If its blueprint is followed, the IEA said that between 2010 and 2035 natural gas could be by far the fastest growing fuel, with consumption increasing by 50% to overtake coal as the second largest source of energy.
Countries that were net importers of natural gas in 2010 are likely to be the biggest winners as they increase domestic energy production, while natural gas prices would be around 30% lower in most major markets, the IEA said.
However, if lack of public acceptance stifles the industry at an early stage, global emissions of carbon dioxide would actually be 1.3% higher as coal would make up a greater share of global energy supplies, it said.
The IEA doesn't have any powers to enforce its recommendations on shale gas drilling, and it will be up to the governments of each country to determine how to regulate the industry, said Ms. Van der Hoeven.
Leaders of the Group of Eight leading nations agreed earlier this month to review the IEA's recommendations.
Global exploitation of shale gas reserves could transform the world's energy supply by lowering prices, improving security and curbing carbon dioxide emissions, but the industry might be stopped in its tracks if it doesn't work harder to resolve environmental concerns, the International Energy Agency said Tuesday.
The IEA's report shows how the shale gas industry, which has already dramatically altered the energy landscape in the U.S., stands at a tipping point.
If the social and environmental impacts aren't addressed properly, there is a very real possibility that public opposition will halt the unconventional gas revolution in its tracks, according to Natural Gas Expert Witnesses.
The industry can win public support if it follows a set of "golden rules," including the careful choice of drilling sites to avoid earth tremors, using the highest standards of well design to avoid groundwater contamination, properly disposing of waste water and eliminating emissions of polluting gases from the well head, the IEA said.
For companies involved in the industry, this is an immediate issue that could have global implications. Adopting the rules would only add around 7% to operating costs.
Shale gas has only recently become a major energy source as a process called hydraulic fracturing, which releases gas from impermeable rock, has become more widespread.
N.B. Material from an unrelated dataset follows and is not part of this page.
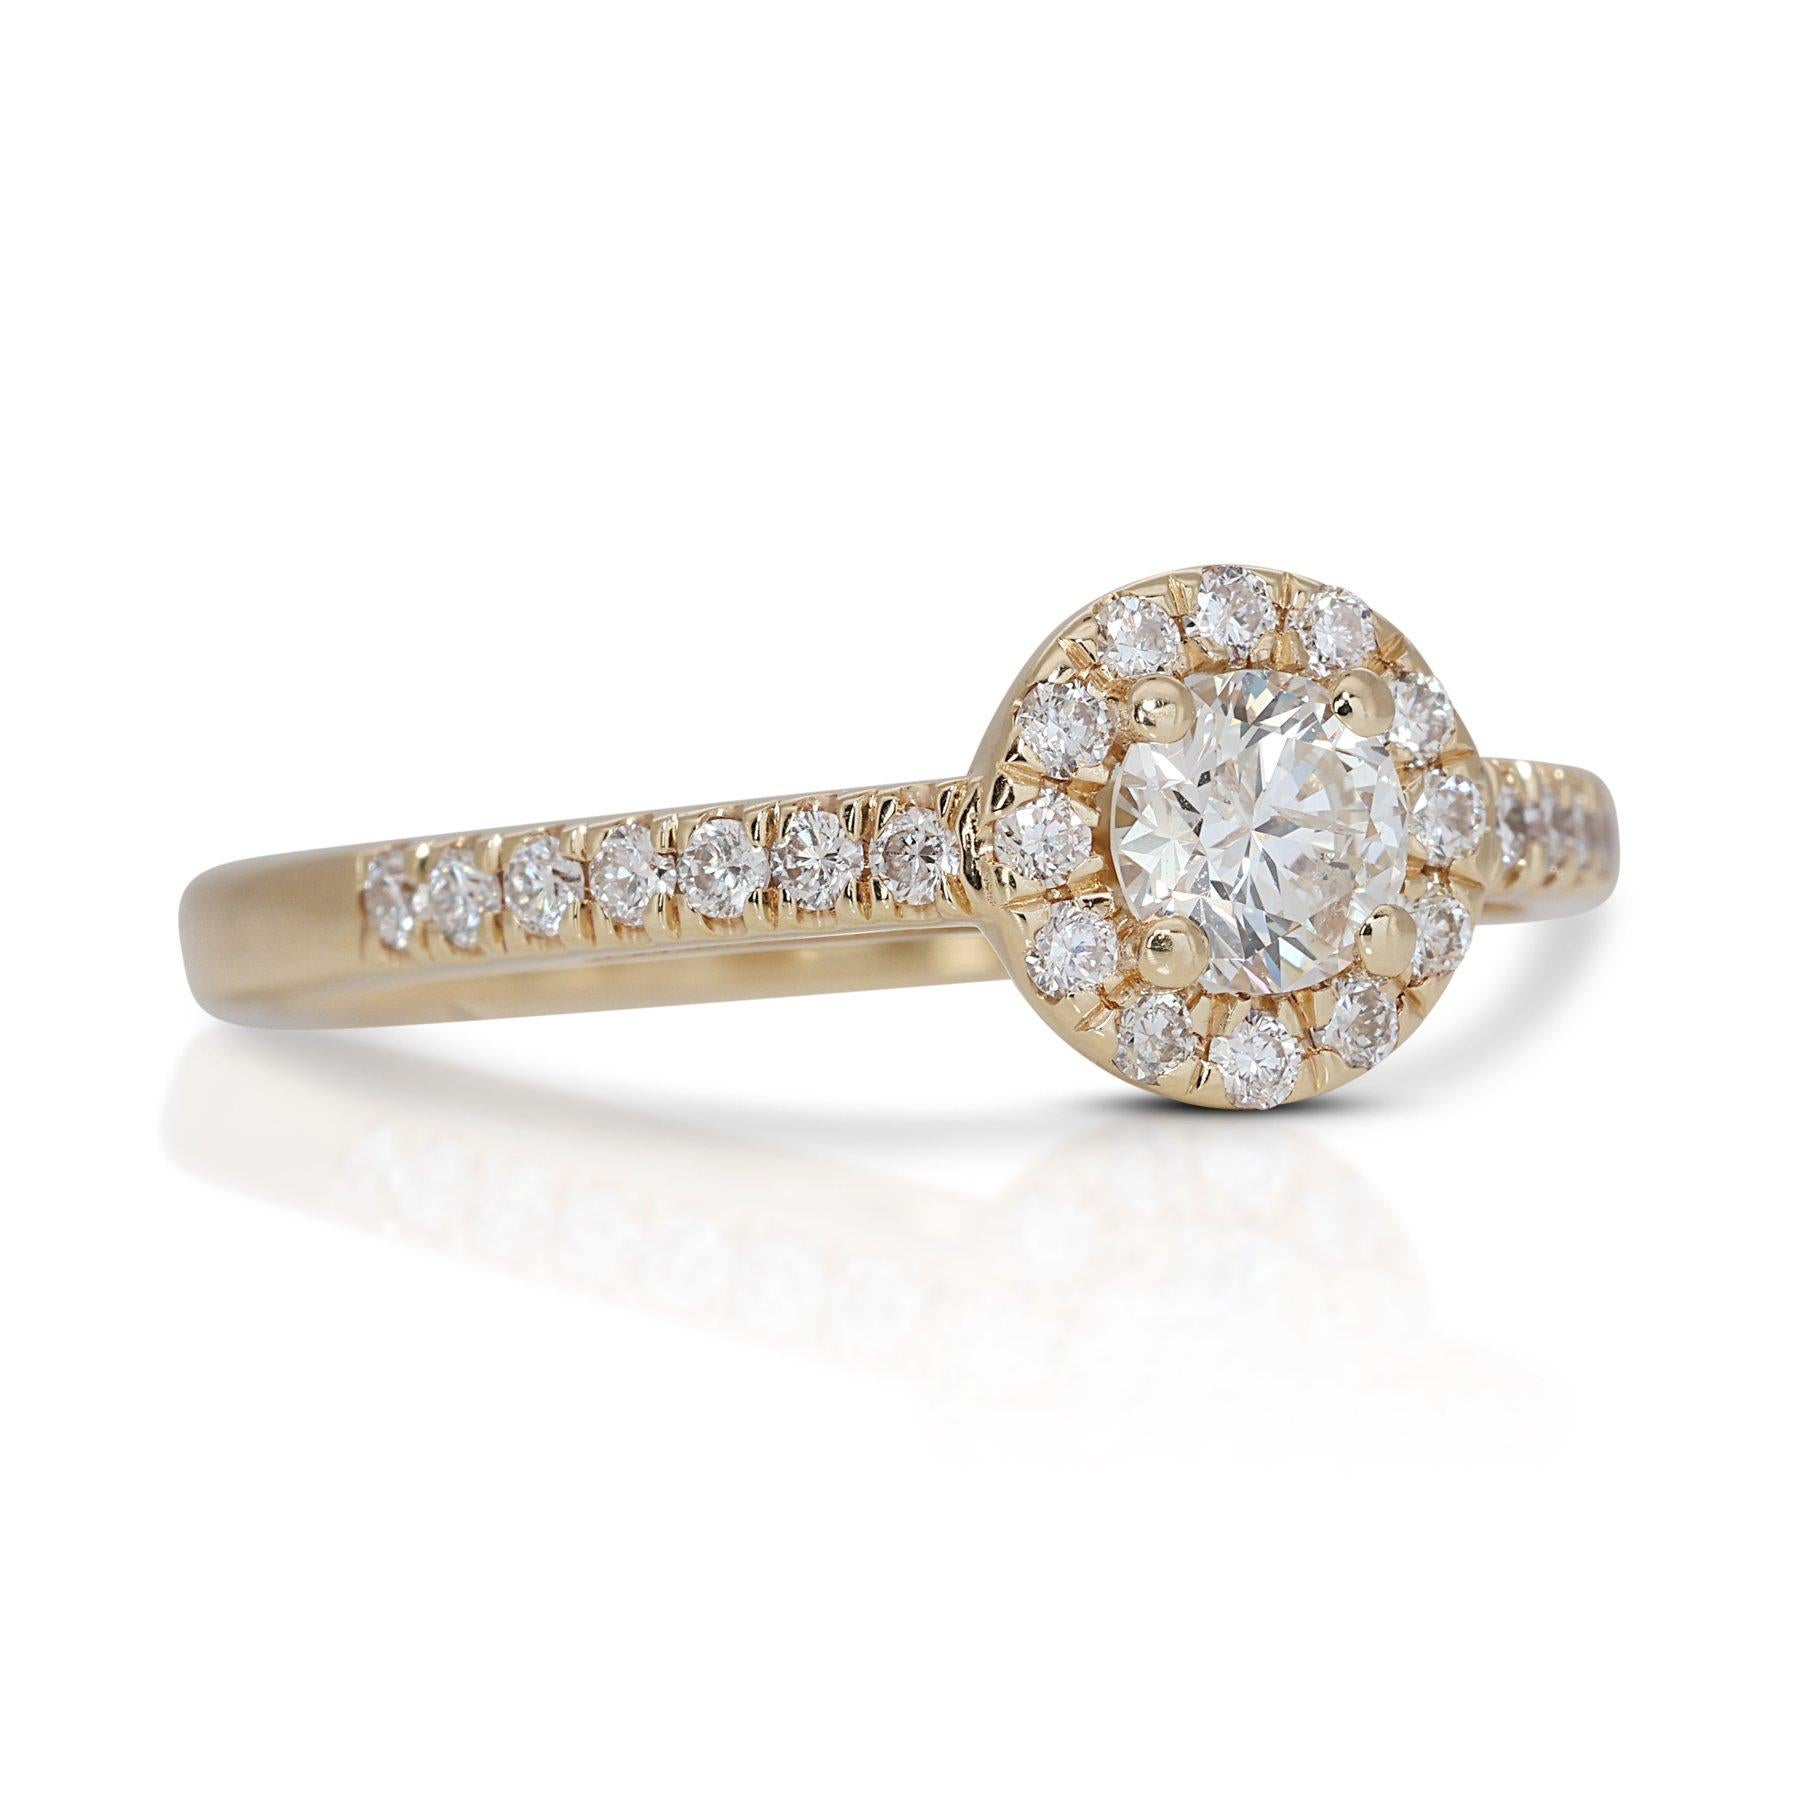 Taille ronde Enchanteresse bague halo de diamants 0,98 carat en or jaune 18 carats, certifiée GIA

It has produced a natural gas boom in the U.S., driving prices to 10-year lows, but is only beginning to spread elsewhere.
But opposition is significant, particularly in Europe, from groups concerned about the risks of water contamination, earth tremors or the release of greenhouse gases. Hydraulic fracturing has been banned in France and Bulgaria and temporarily halted in the U.K.
Environmental group Greenpeace, which opposes all exploitation of unconventional gas reserves, criticized the IEA for failing to propose specific procedures for preventing many of the environmental hazards.
But the head of sustainability at the £142 billion ($222.7 billion) asset manager Scottish Widows Investment Partnership and a past critic of the shale gas industry, said the IEA's recommendations would make a big difference if widely adopted.
If its blueprint is followed, the IEA said that between 2010 and 2035 natural gas could be by far the fastest growing fuel, with consumption increasing by 50% to overtake coal as the second largest source of energy.
Countries that were net importers of natural gas in 2010 are likely to be the biggest winners as they increase domestic energy production, while natural gas prices would be around 30% lower in most major markets, the IEA said.
However, if lack of public acceptance stifles the industry at an early stage, global emissions of carbon dioxide would actually be 1.3% higher as coal would make up a greater share of global energy supplies, it said.
The IEA doesn't have any powers to enforce its recommendations on shale gas drilling, and it will be up to the governments of each country to determine how to regulate the industry, said Ms. Van der Hoeven.
Leaders of the Group of Eight leading nations agreed earlier this month to review the IEA's recommendations.